To get started, or even doing reasonably advanced stuff, you technically don't need any hardware at all – The Google Colab (https://colab.research.google.com/) service gives you access to a GPU-accelerated server for free, within limits of course. This is a so-called notebook, a webpage where one writes code and runs it in a nice, unified interface, which is perfect for experimenting. Given that it's free of charge and online-only, you probably don't want to upload confidential data, though.

The other budget option is to just use your laptop, which is actually my tool of choice for prototyping since there is no transfer time to upload data, or queueing for time on a cluster, and so on. It's going to be too slow for large models and large datasets, however, which brings us to the actual question – do I need a GPU?

Graphical Processing Units (GPUs) are computing devices that excel at doing parallel computation, such as matrix multiplication. And since training neural networks involve a lot of matrix multiplication, GPUs can speed up the training considerably. In particular, if you’re training convolutional networks, rather than working on plain tabular data, the difference is huge, and the cost of a GPU will yield returns pretty soon. Just make sure to get one with sufficient memory to match the size of your model and dataset.

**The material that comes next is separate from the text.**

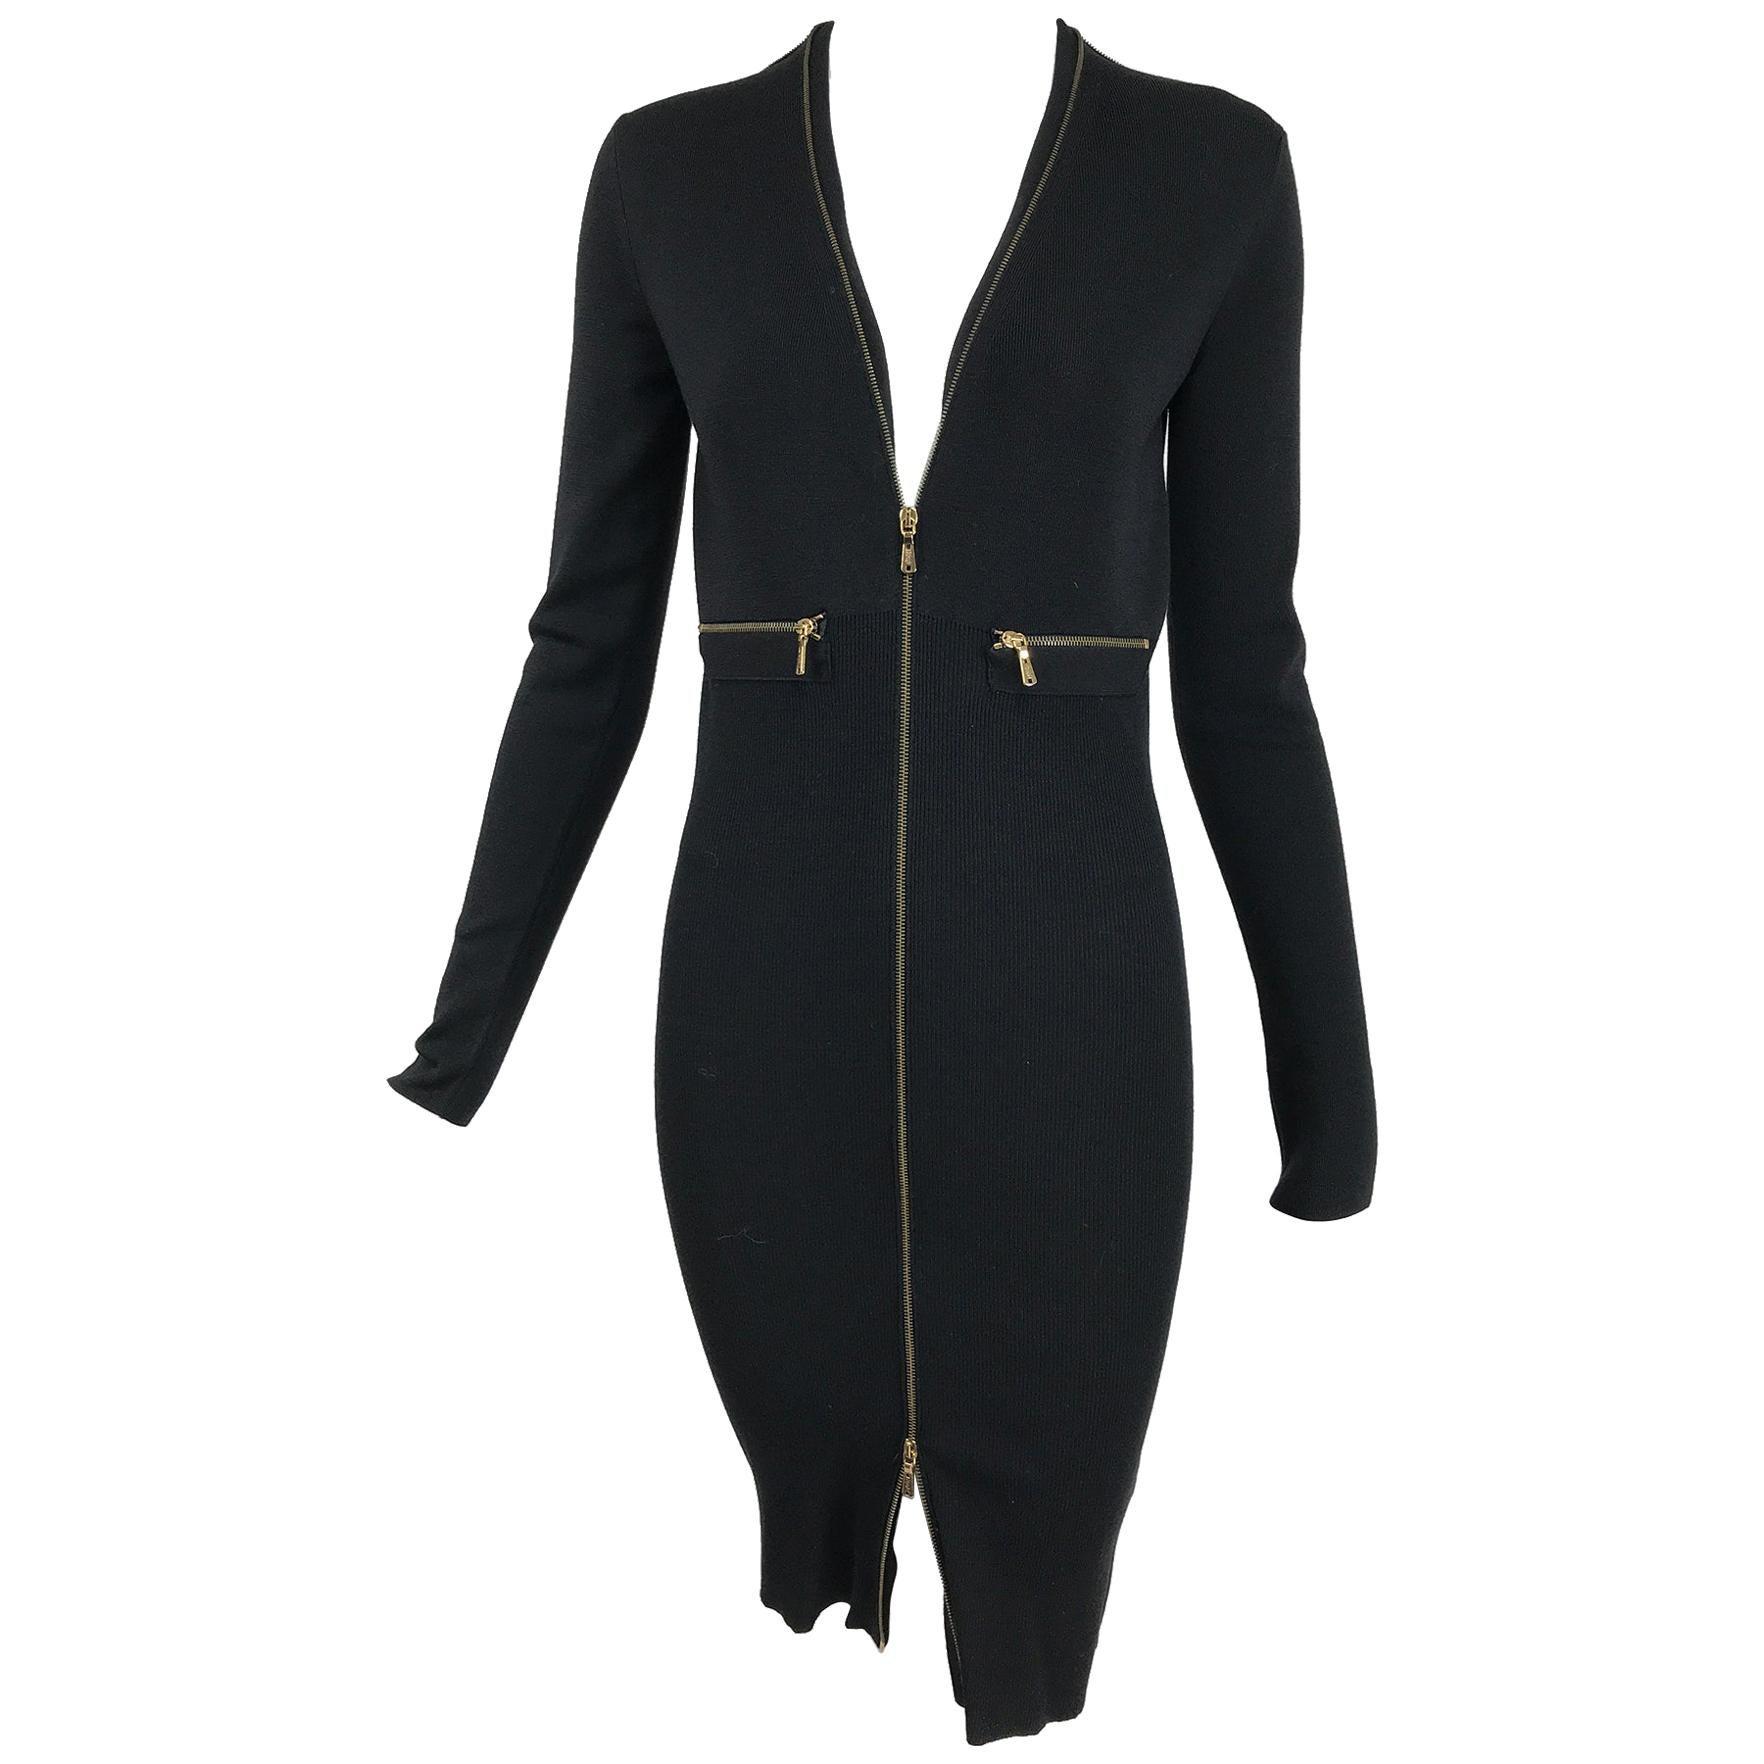 Yves Saint Laurent Autumn/Winter 2008 Ribbed Wool Zipper Front Body Con Dress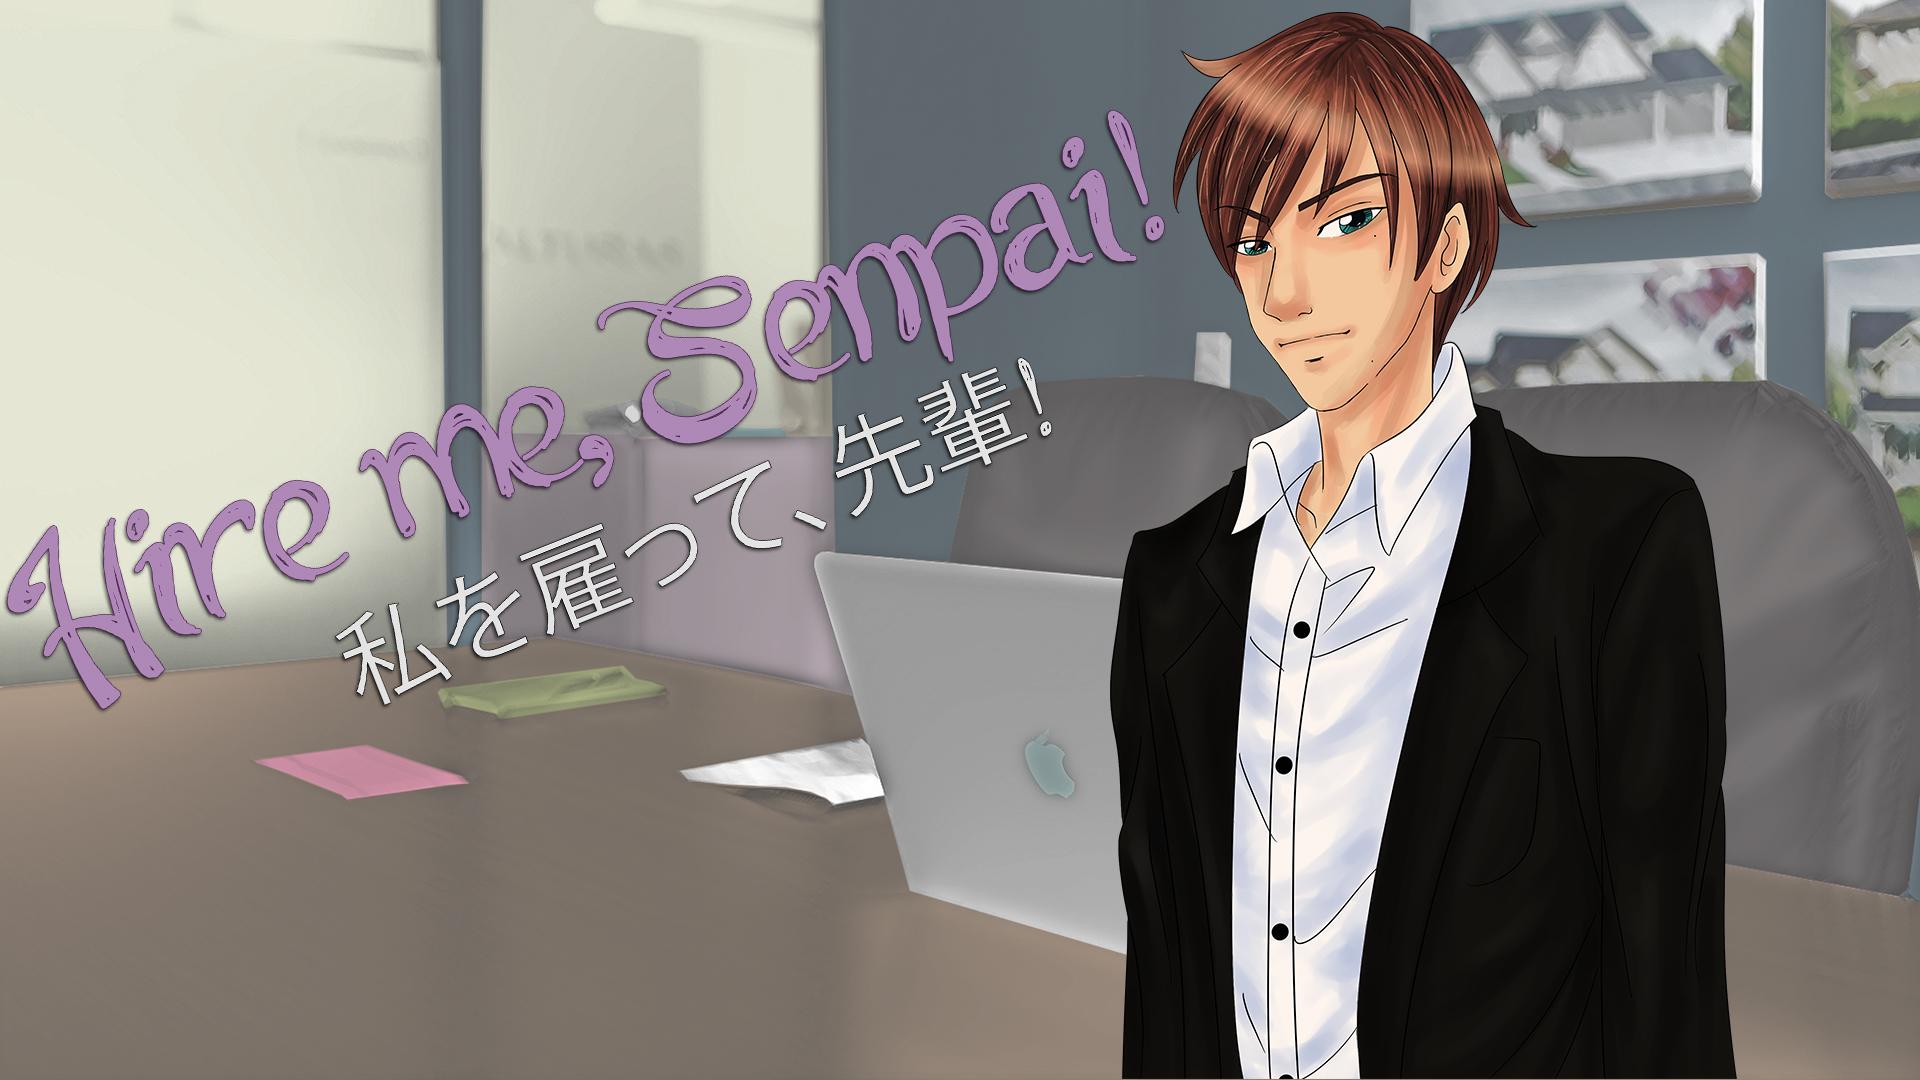 Hire me, Senpai!

For one-off projects, it might be cheaper to rent a cloud solution rather than buying your own equipment, and this also requires a lot less maintenance.

Suggested readings

Mousavi, S. M., Sheng, Y., Zhu, W. & Beroza, G. C. STanford EArthquake Dataset (STEAD): A Global Data Set of Seismic Signals for AI. IEEE Access 7, 13 (2019).

Kong, Q. et al. Machine Learning in Seismology: Turning Data into Insights. Seismological Research Letters 90, 3–14 (2019).

Ross, Z. E., Meier, M.-A. & Hauksson, E. P Wave Arrival Picking and First-Motion Polarity Determination With Deep Learning. J. Geophys. Res. Solid Earth 123, 5120–5129 (2018).

Meier, M. et al. Reliable Real‐Time Seismic Signal/Noise Discrimination With Machine Learning. J. Geophys. Res. Solid Earth 124, 788–800 (2019).

Dickey, J., Borghetti, B., Junek, W. & Martin, R. Beyond Correlation: A Path‐Invariant Measure for Seismogram Similarity. Seismological Research Letters 91, 356–369 (2020).